My chest tightened and my phone felt heavy in my hands. I tilted my head up, blinking away the tears before my friend returned from the bathroom.
“Is everything ok?” She said as she sat back down at the table. I hadn’t been able to hide my pain as well as I had hoped.
“I think I have something in my eye” I lied, as I lifted up the menu. I wasn’t hungry anymore and I didn’t know how I could get through this lunch. I couldn’t tell my friend. How could I? She didn’t even know that Liam and I were non-Monogamous, let alone that I had a lover for years.
A lover just broke up with me via text in the short space between her bathroom visit.

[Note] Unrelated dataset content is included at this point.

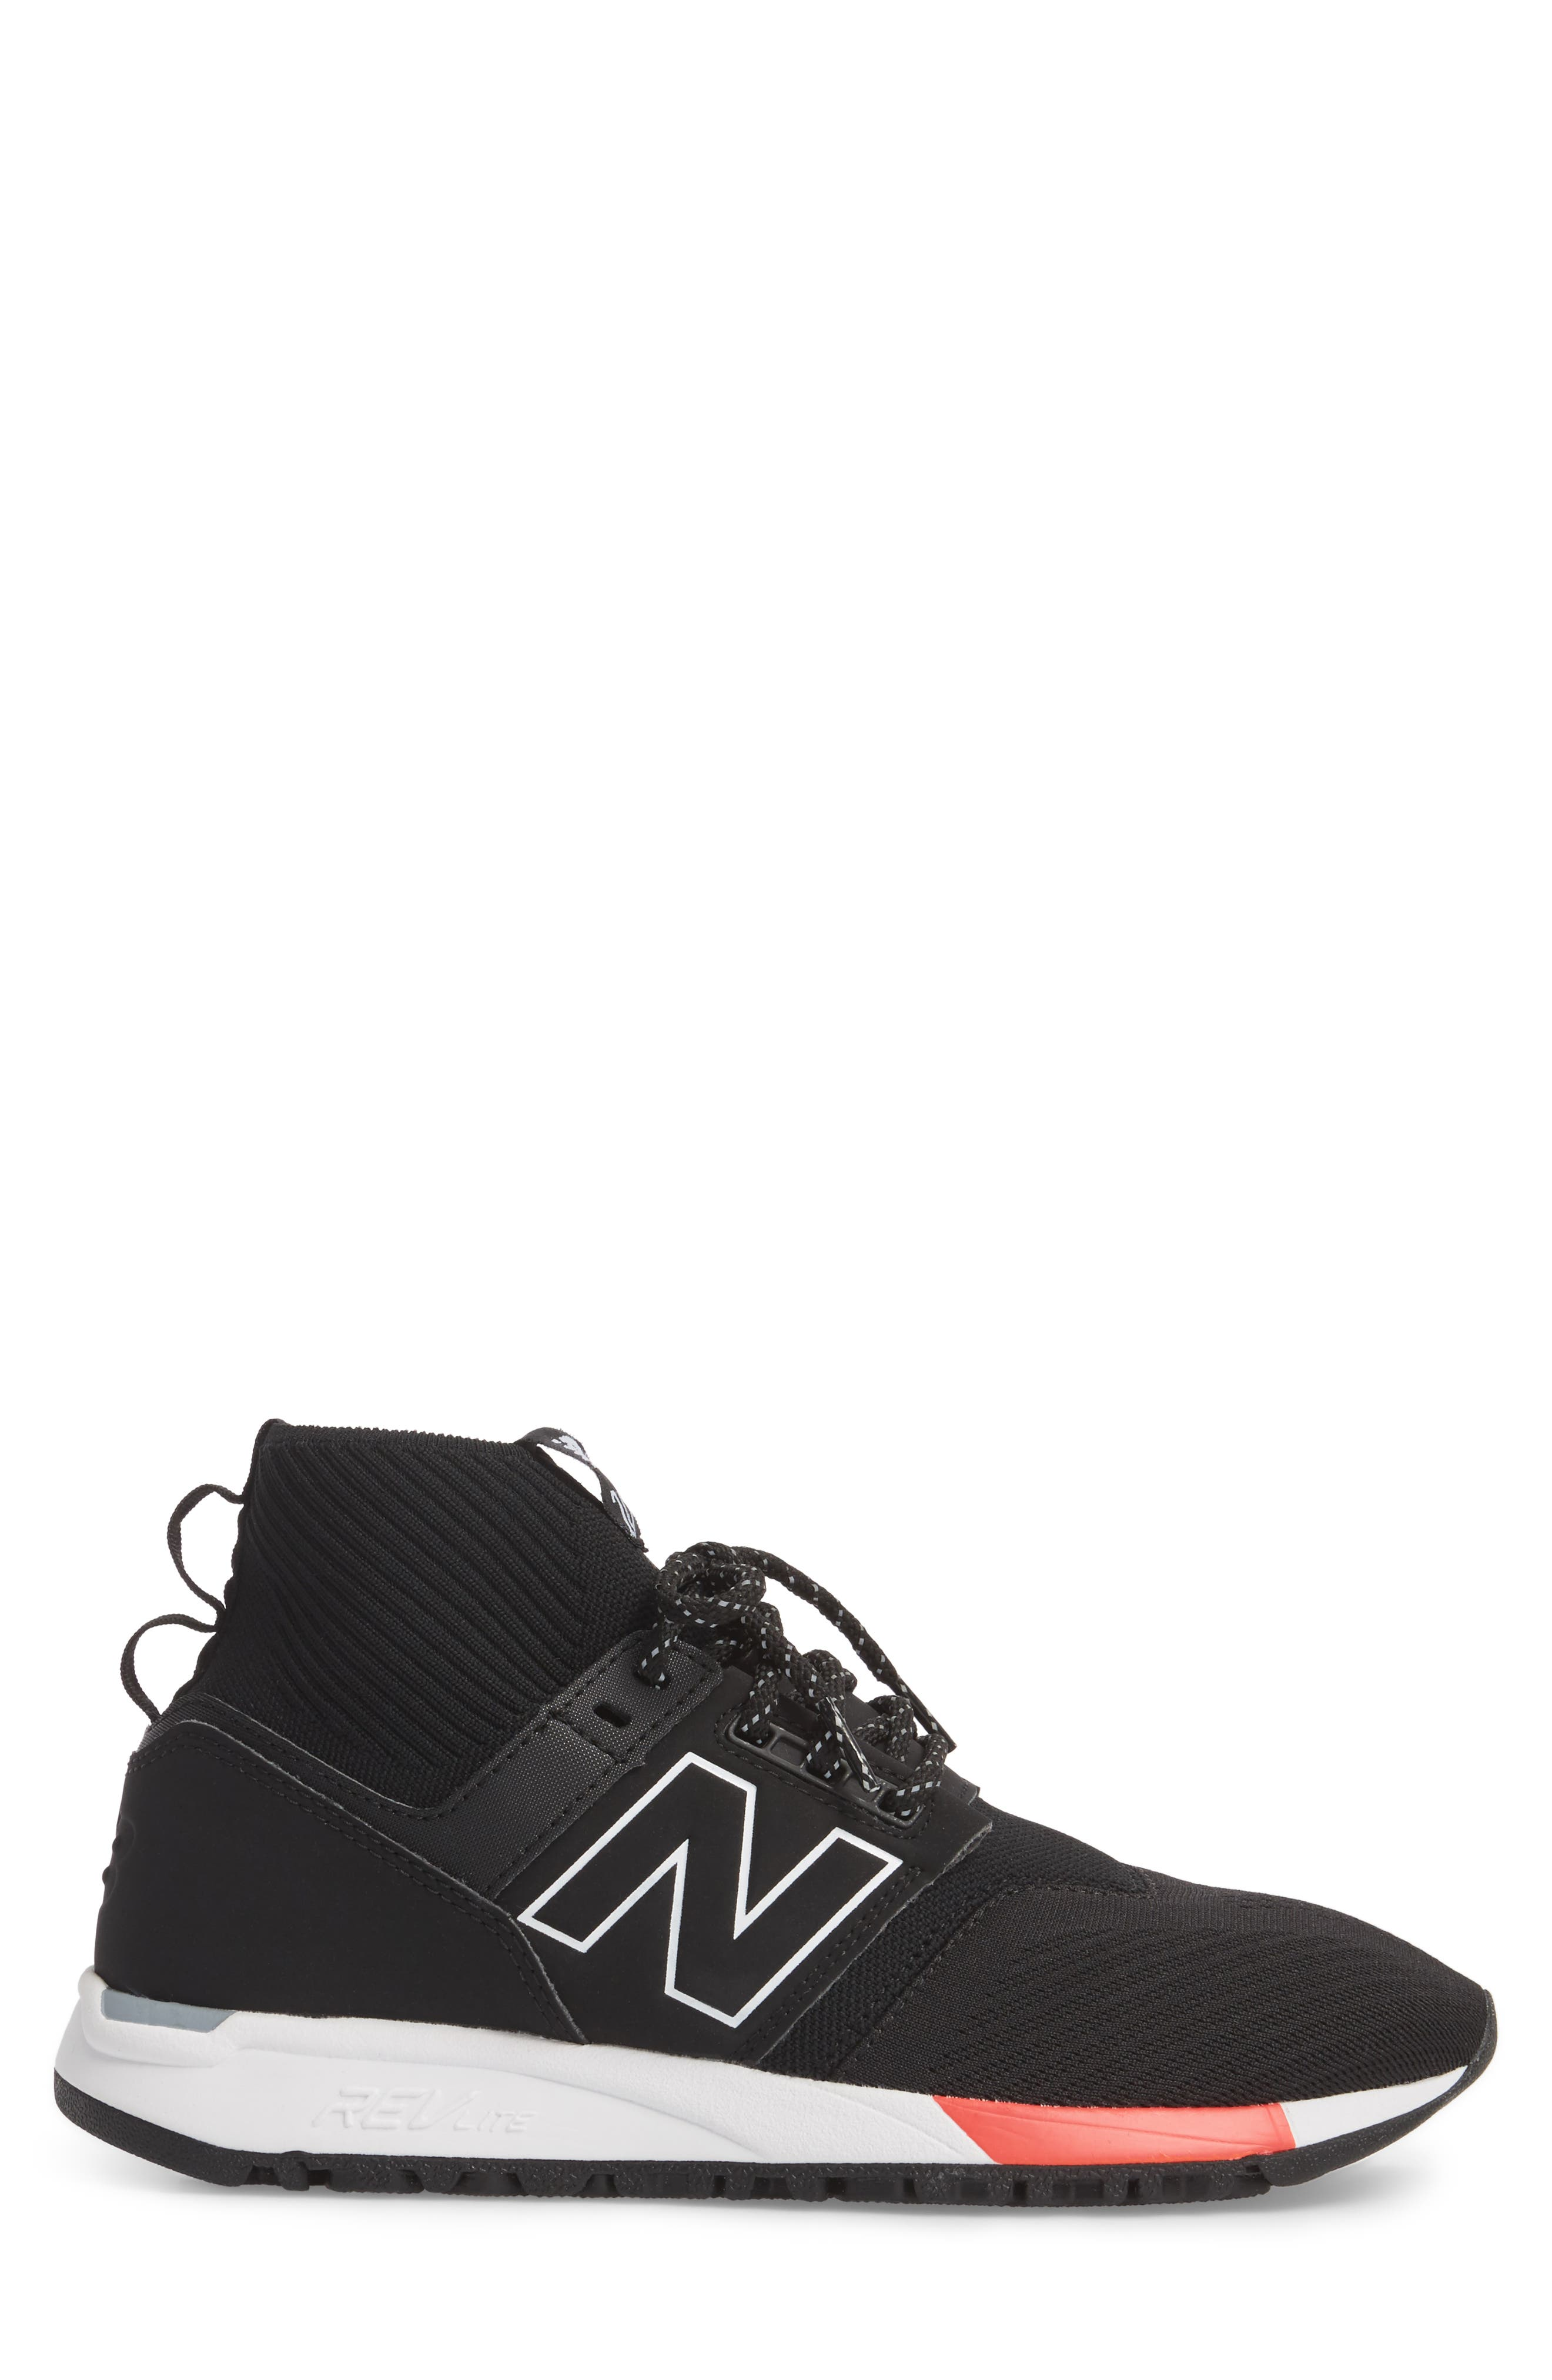 247 Mid Sneaker,                             Alternate thumbnail 3, color,                             Black

I couldn’t and wouldn’t tell her, not today at least.
In that moment of separation, I couldn’t bare to tell my friend about my non-Monogamy.

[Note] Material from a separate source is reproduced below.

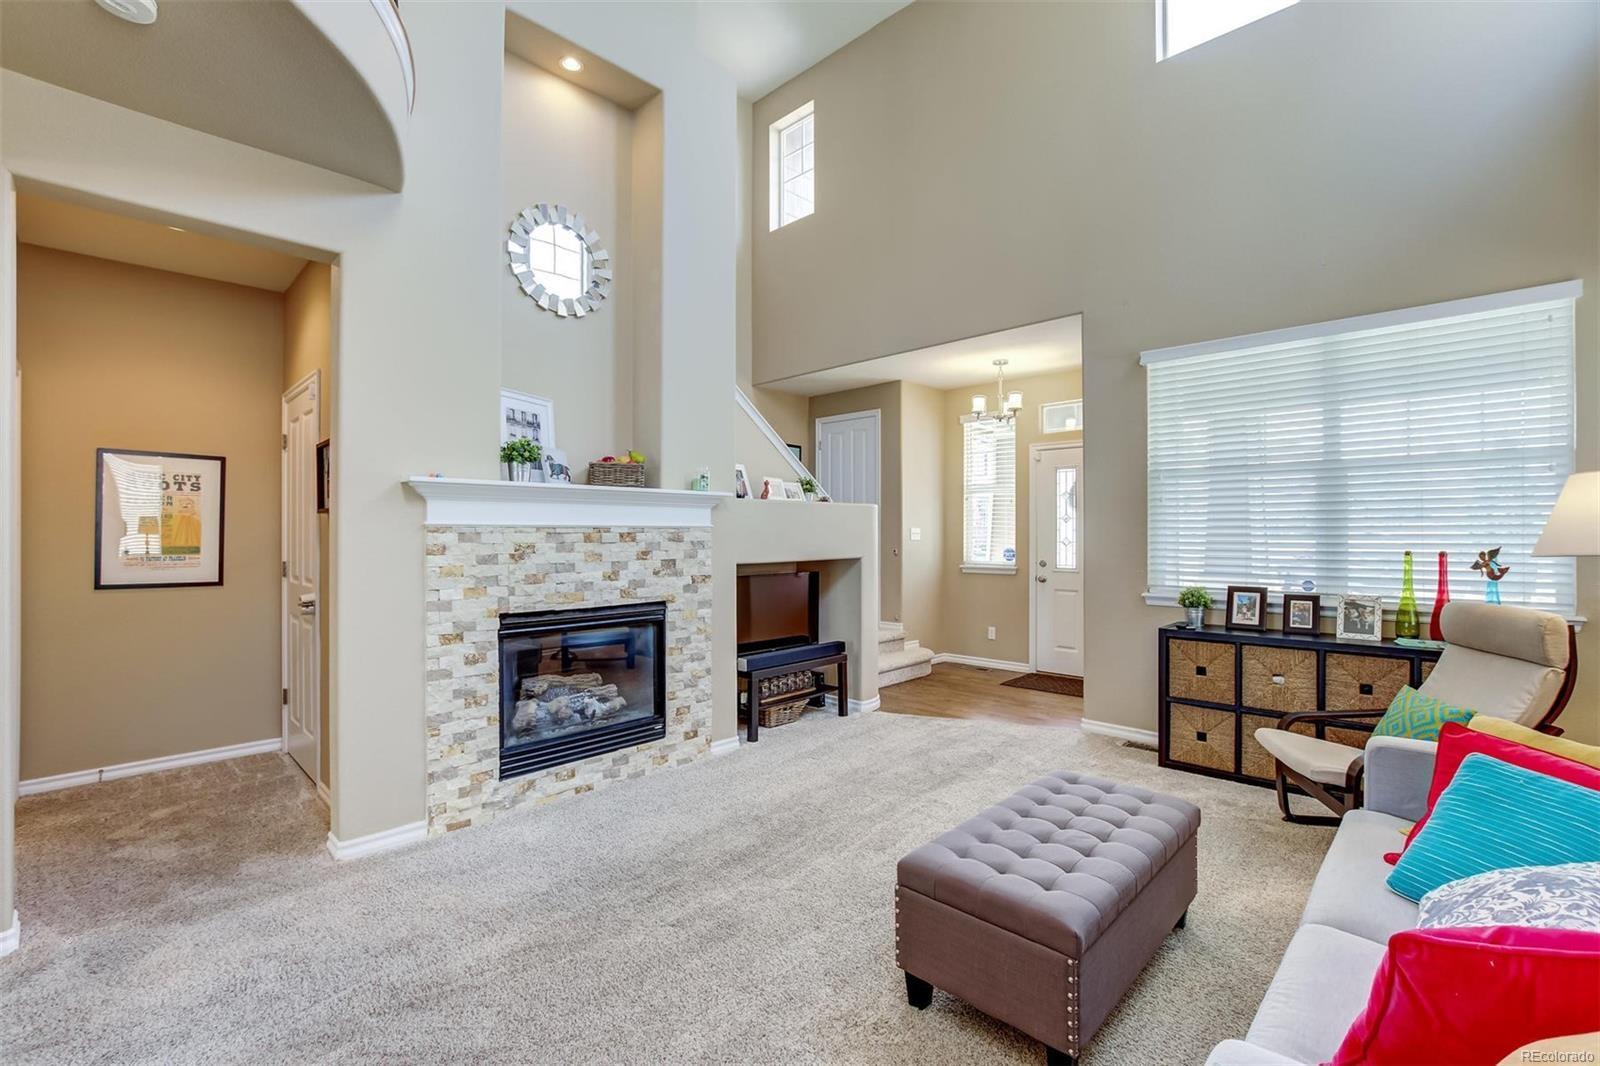 MLS# 7012343 - 1 - 5382  Cloverbrook Circle, Highlands Ranch, CO 80130

It didn’t feel like the right time. In the past when I had delightfully told friends about being non-Monogamous, I had often been met with confusion and questions asking, ‘Wow, that sounds like it must be really complicated and difficult?’ My pain and pride kept me from sharing with her.
Her inevitable response and scepticism might have even felt valid. Maybe non-Monogamy isn’t all its cracked up to be?
“I’ll have the soup, please” I smiled to the waiter.
I would have to wait until after lunch to share my pain with Liam.
Surely he would understand and comfort me?